- Theatrical release poster
- Directed by: Banjong Pisanthanakun
- Written by: Chantavit Dhanasevi
- Starring: Chantavit Dhanasevi; Nuengthida Sophon;
- Production company: Jorkwang films
- Distributed by: GMM Tai Hub
- Release date: 19 August 2010;
- Country: Thailand
- Languages: Thai English Korean
- Box office: $4,413,745

= Hello Stranger (2010 film) =

2010 Thai film by Banjong Pisanthanakun

Hello Stranger (กวน มึน โฮ, RTGS: Kuan Muen Ho) is a 2010 Thai coming-of-age romance comedy film directed by Banjong Pisanthanakun, starring Chantavit Dhanasevi and Nuengthida Sophon, and distributed by GMM Tai Hub. It was Banjong's first romance film, which was inspired by the book Two Shadows in Korea (สองเงาในเกาหลี) by Songkalot Bangyikhun.

== Plots ==

A young man (Chantawit Dhanasevi), a man who wants to go to South Korea wearing flip flops and a baggy t-shirt and shorts. He is the only one in the tour group who does not have a family or lover with him. Perhaps the empty seat next to him is the reason he is so drunk on the day of departure after the plane's wheels touch down at Seoul Airport. The travel program according to the code 6-7-8 is wake up at 6 a.m., breakfast at 7 a.m., and wheels start at 8 a.m.

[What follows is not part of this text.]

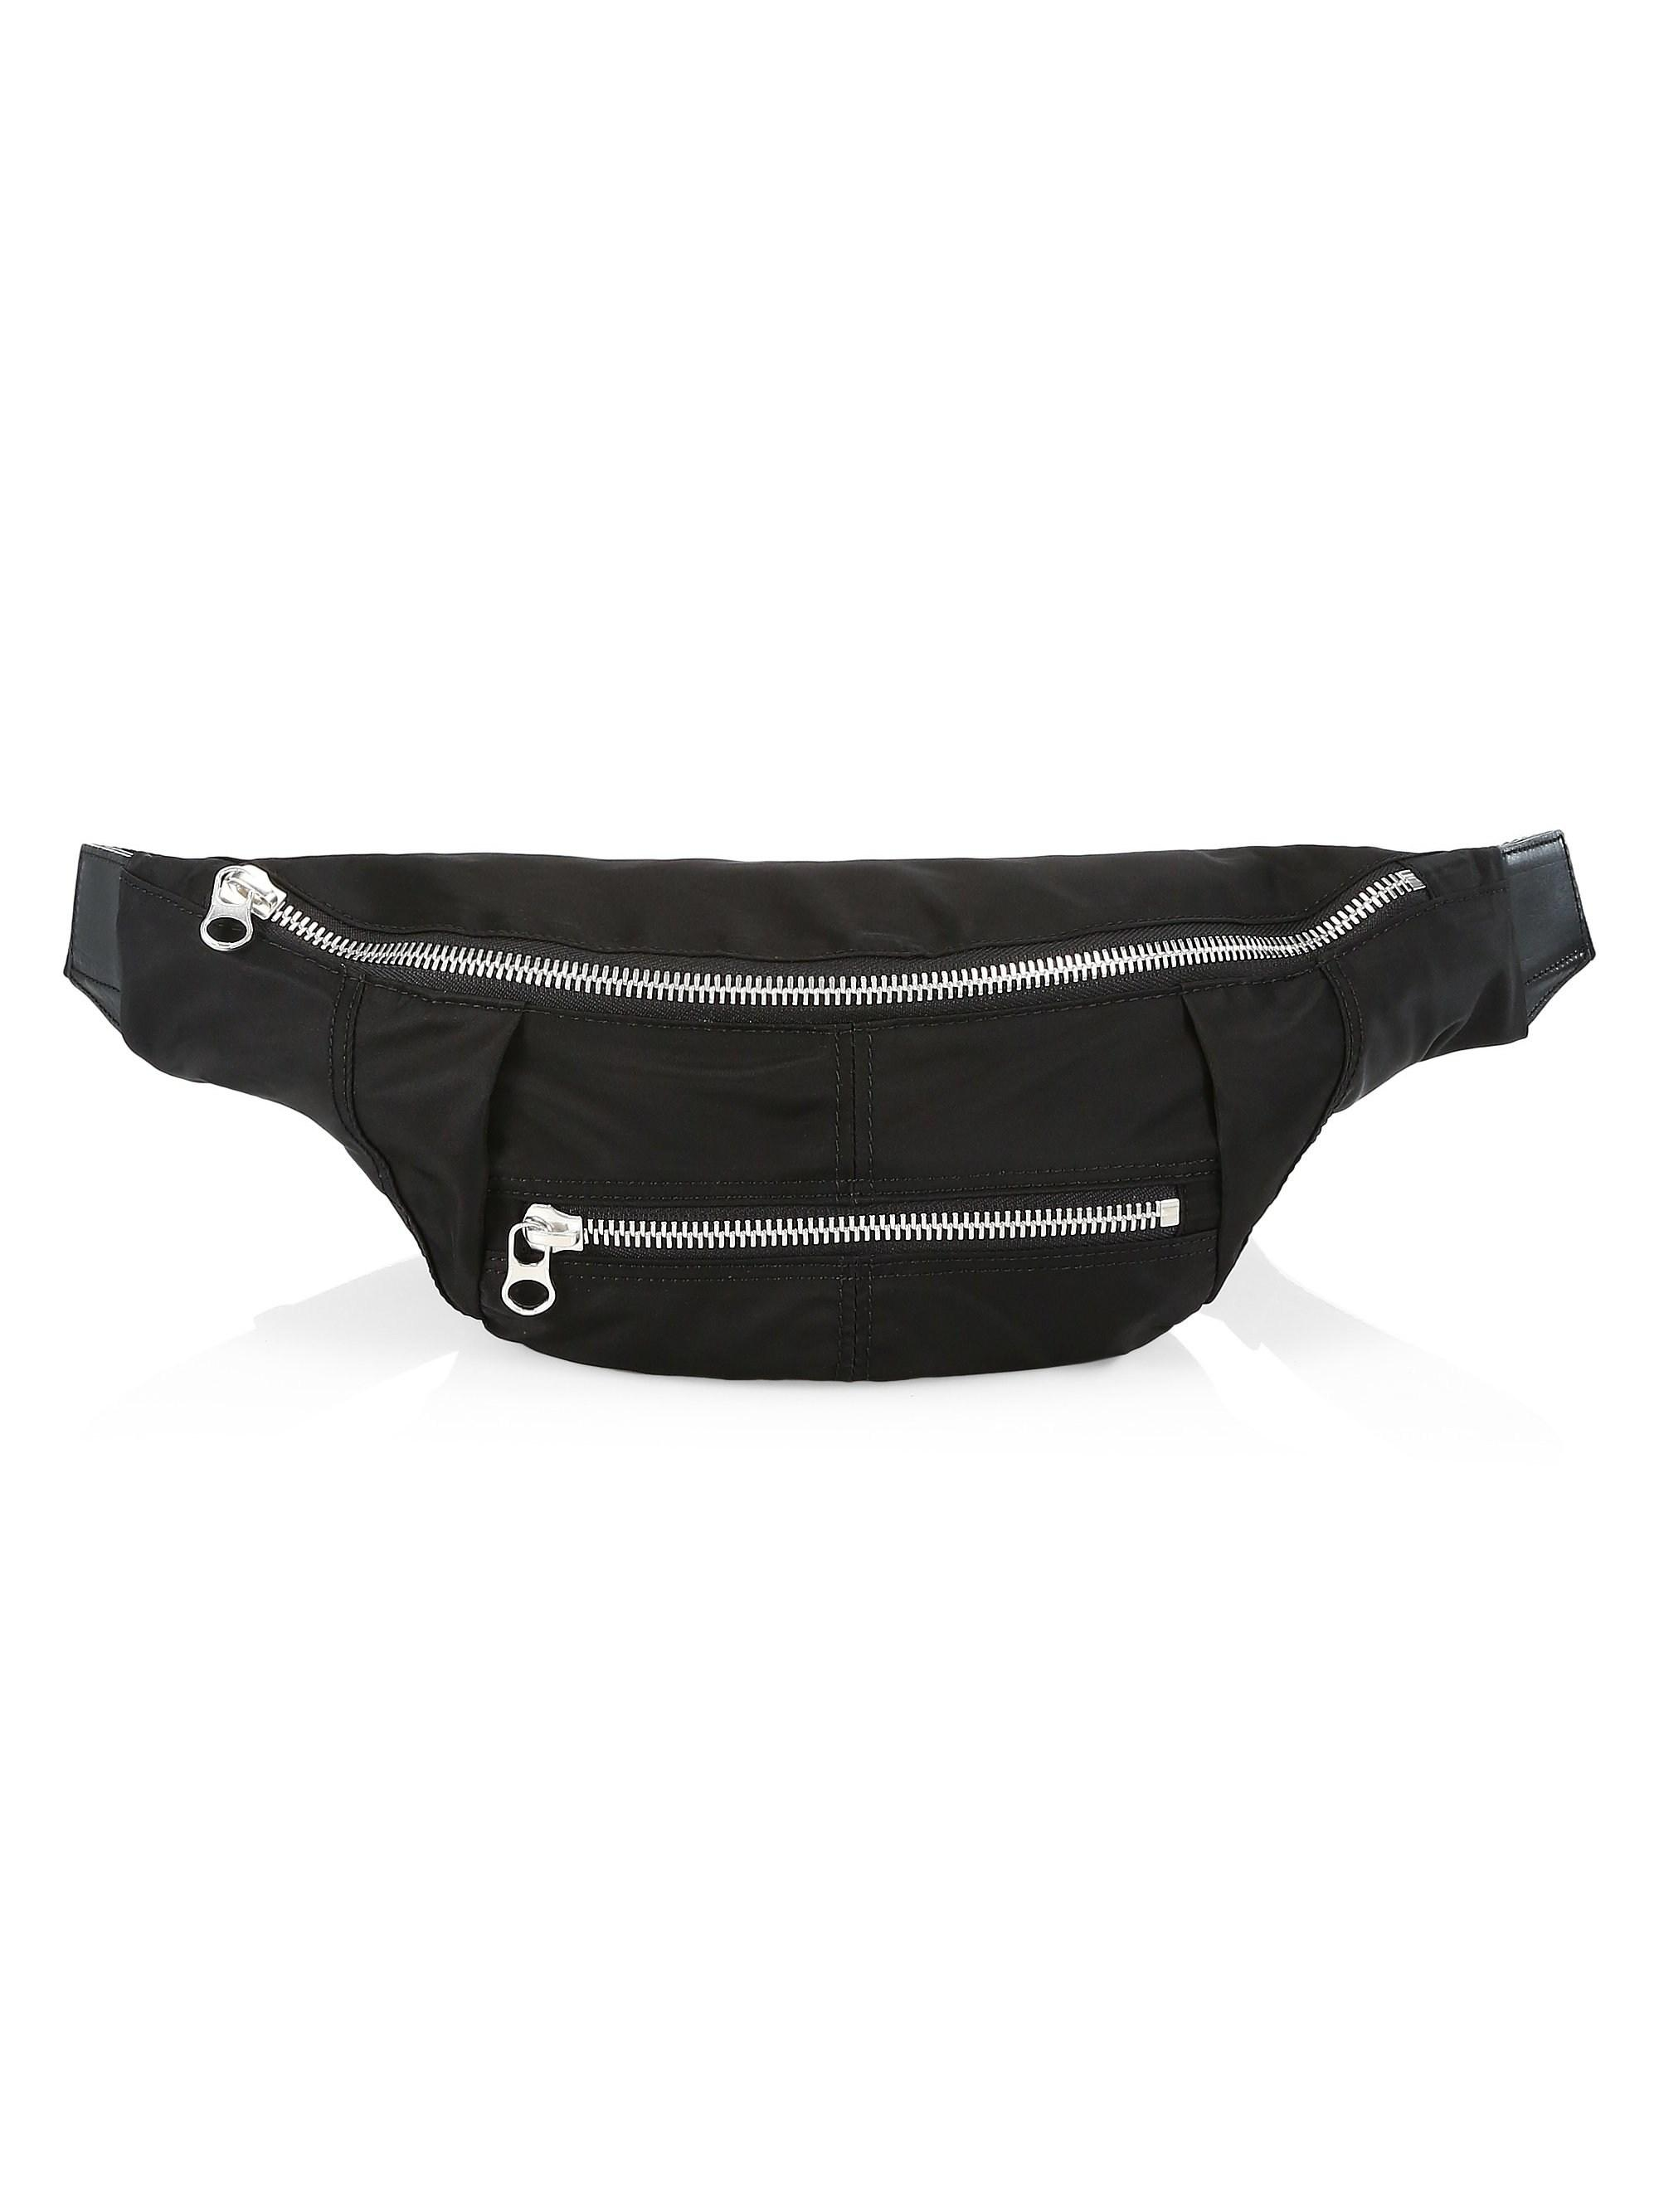 3d55abb5f12e54 Isabel Marant Nylon Belt Bag in Black - Save 30% - Lyst

That night, the young man had to rely on Soju, and he passed out drunk in front of a guesthouse in a hotel bathrobe. The next morning, the young man suddenly got up and wasted his time on the wheel. The young woman (Nungthida Sophon) who was standing there was screaming because she wanted to get back the winter clothes that she had sacrificed for him to use to cover himself. The lost young man forced the young woman to take him to the hotel. But because he was lost and lost time, and got drunk and ruined his future, the young man missed the bus and missed the nerdy tour, so he had to follow the young woman who intended to go on a solo tour to explore the locations of a hit Korean series instead.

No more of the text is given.